5 out of 5 stars Bombastic Brilliant Unforgetable   May 23, 2000
 24 out of 26 found this review helpful

What ever faults "Gulag Archipelago" may have, it is a monumental and important work. For anyone who does not know the meaning of the title, "Gulag" is the Russian word for prison, and an archipelago is, of course, a chain of islands. The idea behind this is that the Soviet concentration camp system under Lenin and Stalin were like an island of prisons spread all over the Soviet Union.

The content of "Gulag Archipelago" is quite extraordinary. Solzhenitsyn includes countless anecdotes of prisoners and their families in various phases of arrest, interrogation, imprisonment, slave labor, death, or release. He buttresses these stories with statistics, and with his own personal narrative of his years in the Gulag. The information in this book is simply staggering, not only for the cruelty and evil it describes but also the folly. The Soviet government murdered indiscriminately across all lines of race, class, and gender. In many cases, it murdered the most brilliant and productive members of its society--the very people who could have built it into something great.

Many people take umbrage with Solzhenitsyn's style, which involves a lot of ranting and run-on footnotes. Personally, I find his narrative interesting and invigorating. Solzhenitsyn's narrative is vigorous, untrammeled and loaded with sarcasm. While many find this gimmicky or uncultured, it helped buoy me through the unbearable sadness of the book's subject matter.

Obviously this book isn't for everybody and it requires a considerable degree of fortitude to get through it. But I think it is essential in all our lives to read this book or one similar to it.

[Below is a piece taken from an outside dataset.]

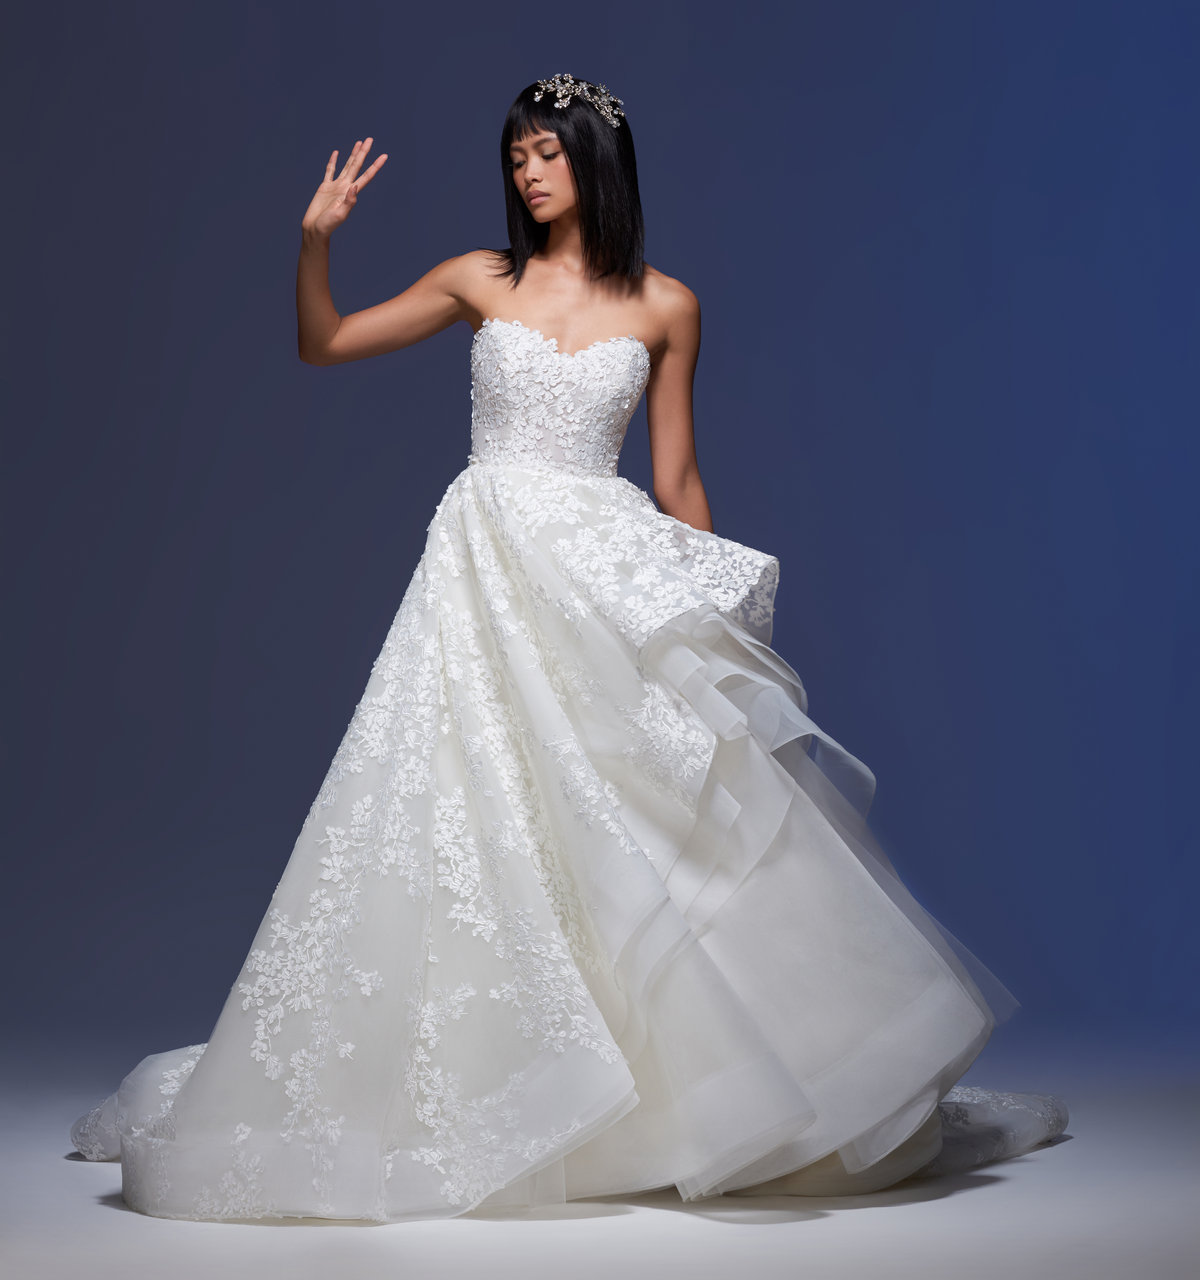 Top Strapless Sweetheart Neckline Wedding Dress of all time The ultimate guide 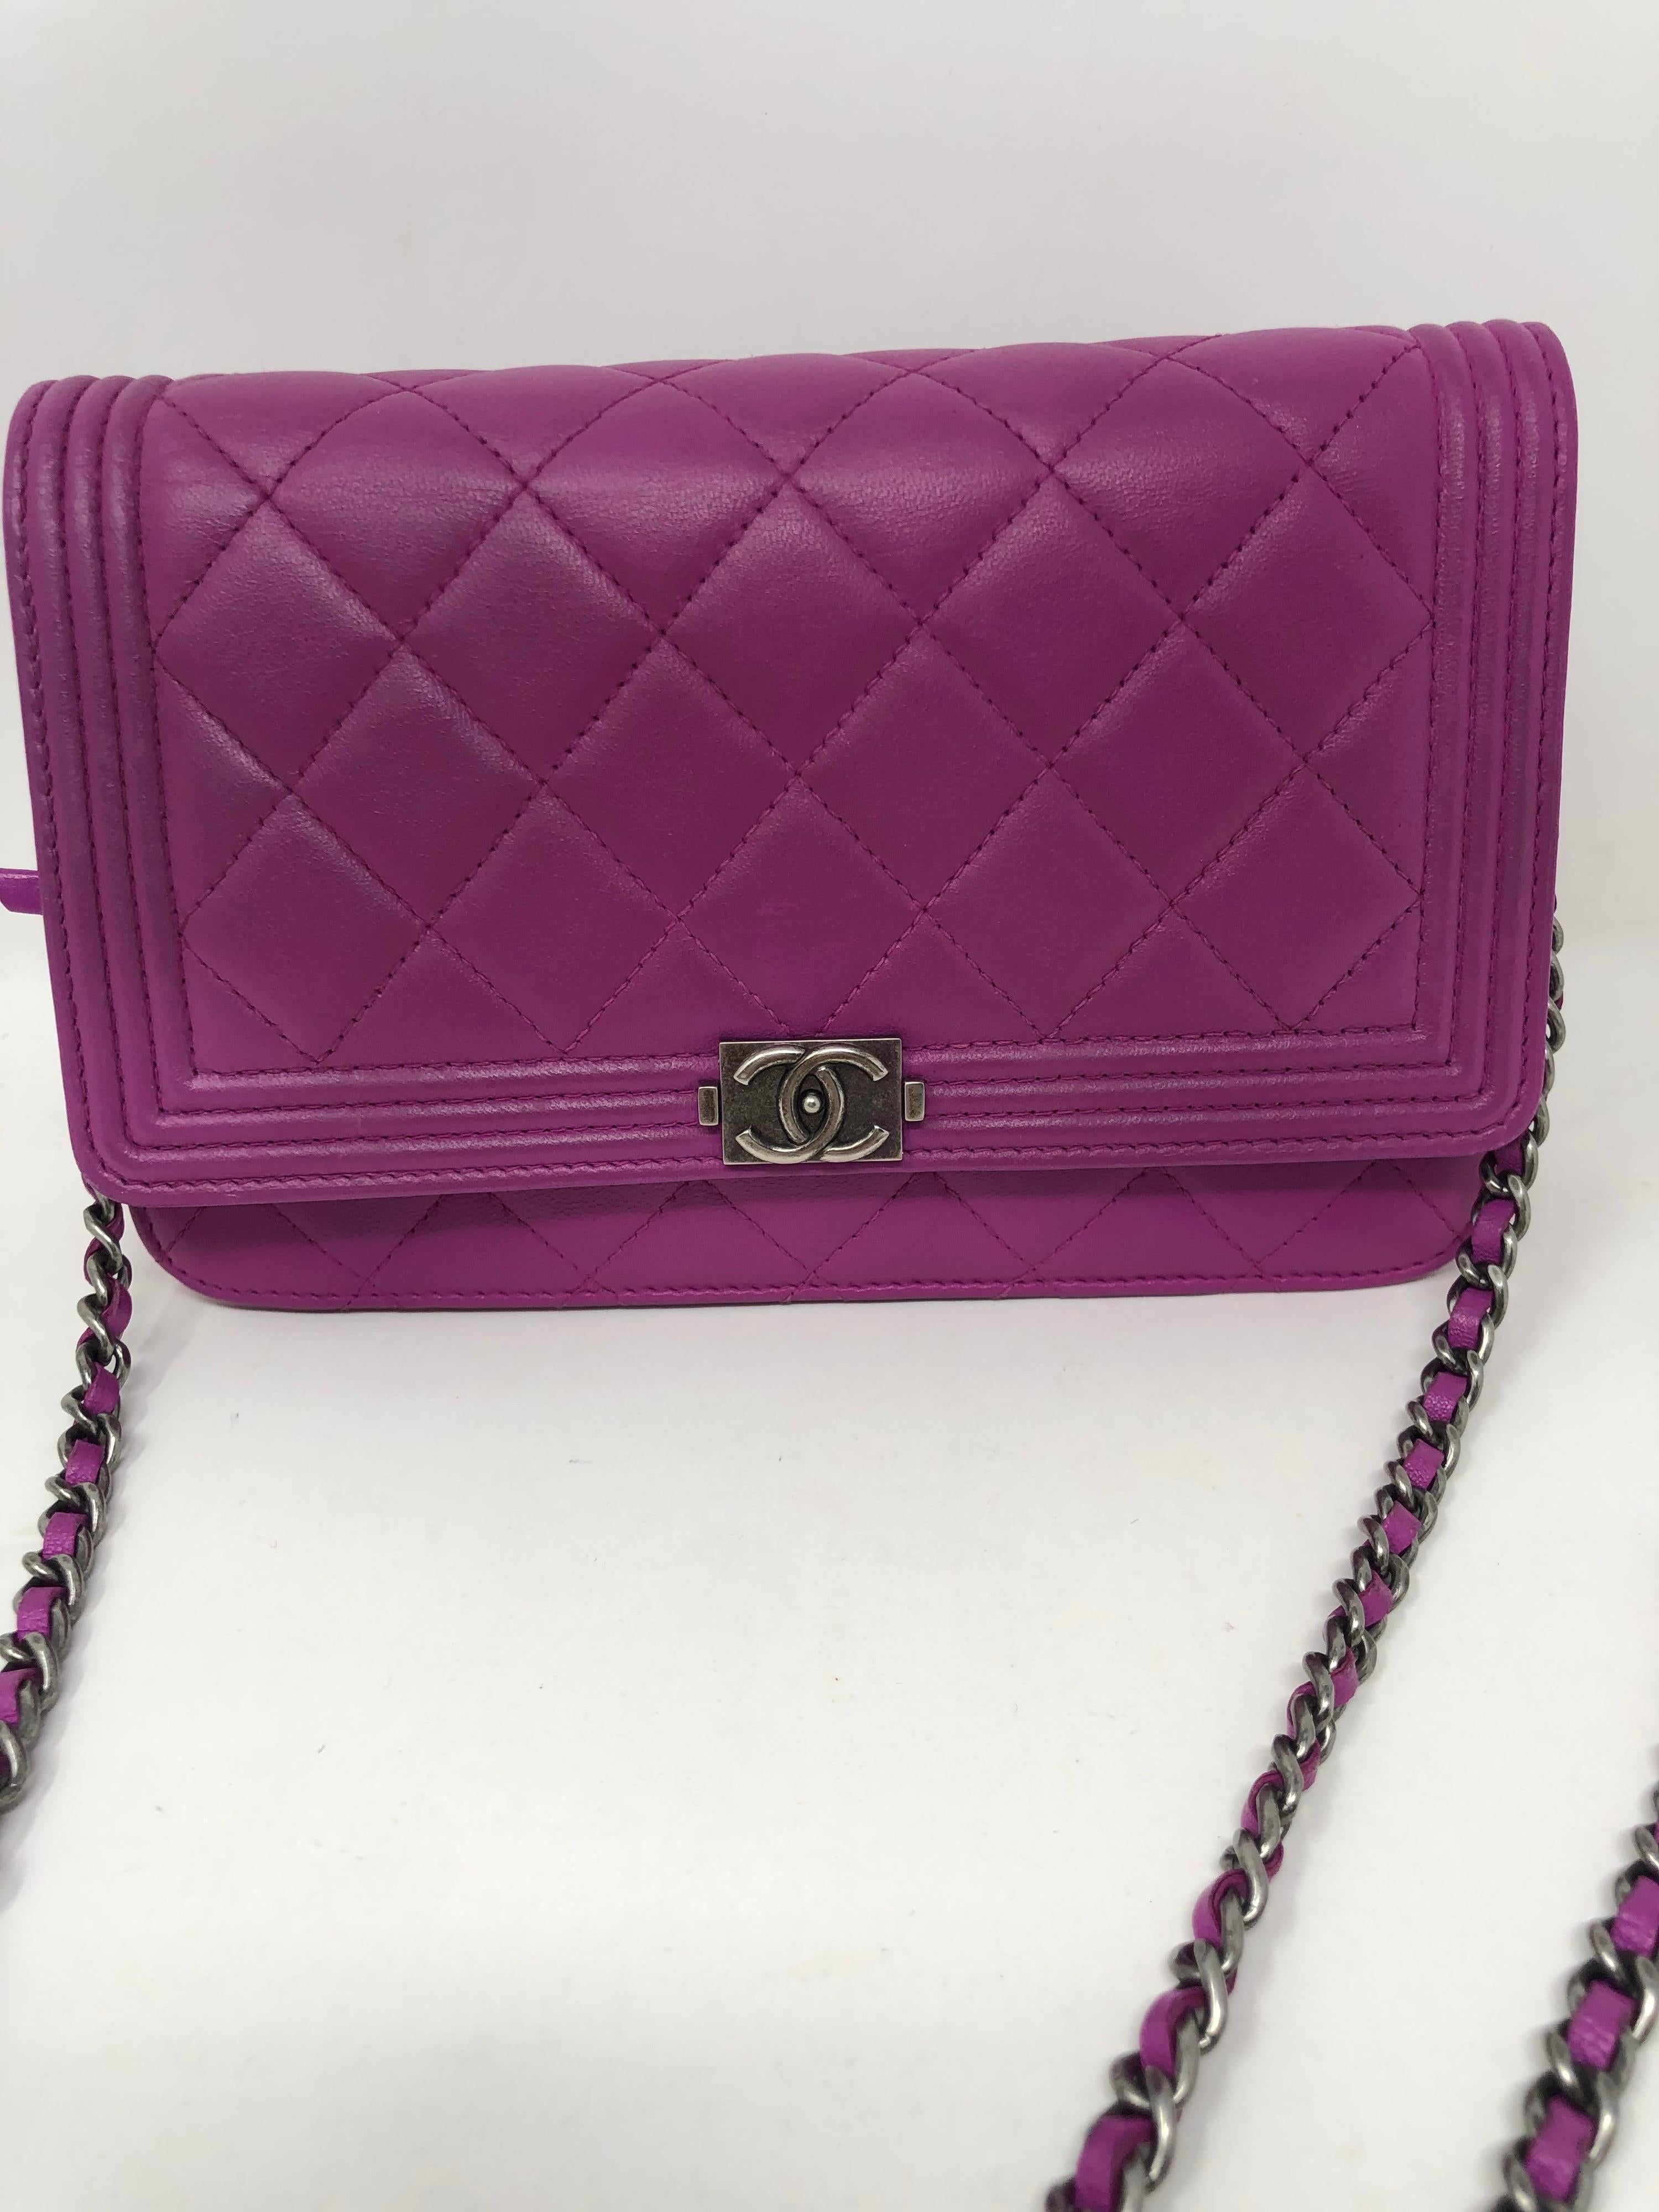 Chanel Boy Fuschia Wallet On A Chain Bag. Ruthenium hardware. Excellent condition. Crossbody or clutch. Includes dust cover. Guaranteed authentic.

5 out of 5 stars Not a novel, an indictment   June 13, 2001
 23 out of 23 found this review helpful

The point can't be made forcefully enough: this book is *not* a novel! It is not even literature, in any meaningful sense. It is a 2,000 page indictment for crimes against humanity. Chief among the accused is of course Stalin who, if justice exists, is currently serving 60 million consecutive life sentences in Hell. But as Solzhenitsyn abundantly documents, the Gulag death-camps were part of Lenin's vision from the very beginning. (In January 1918, he stated his ambition of "purging the land of all kinds of harmful insects", in which group he included "workers malingering at their work".) But it is not only the architects of Bolshevism who stand accused. It is also all the collaborators with oppression, from the camp guards who summarily executed prisoners too exhausted to stand to the people who informed on their neighbors. Complicit even are the passive victims of the Terror who, as Solzhenitsyn says, "didn't love freedom enough" to fight for it from the beginning.

Needless to say, "The Gulag Archipelago" is not beach reading. (Although Solzhenitsyn's searingly sarcastic style makes it anything but a dry collection of facts.) The evil that it obsessively documents is so dark that even reading about it is often difficult to bear. But anyone with pretentions of understanding the world we live in needs to go through it from first page to last.

But if you aren't willing to make the effort, here's the lesson boiled down for you: Totalitarianism doesn't begin with a Stalin or a Hitler. It begins with *you*, on the day that you let a government become more powerful than the people it governs. Remember that or someday it might not be the Russians or the Jews or the Serbs that the men with guns come for. It just might be you...


5 out of 5 stars Says more to us than we realize   June 15, 2001
 23 out of 28 found this review helpful

As someone who actually read the entire unabridged version, I recommend that you do so.

This book is primarily known as the Soviet Union's literary tombstone. A righteous yet determined anger shouts from every page. As such, it is seen primarily as offering historical interest.

This is a shame, because it's a book of the present as much as of the past. And thus the future.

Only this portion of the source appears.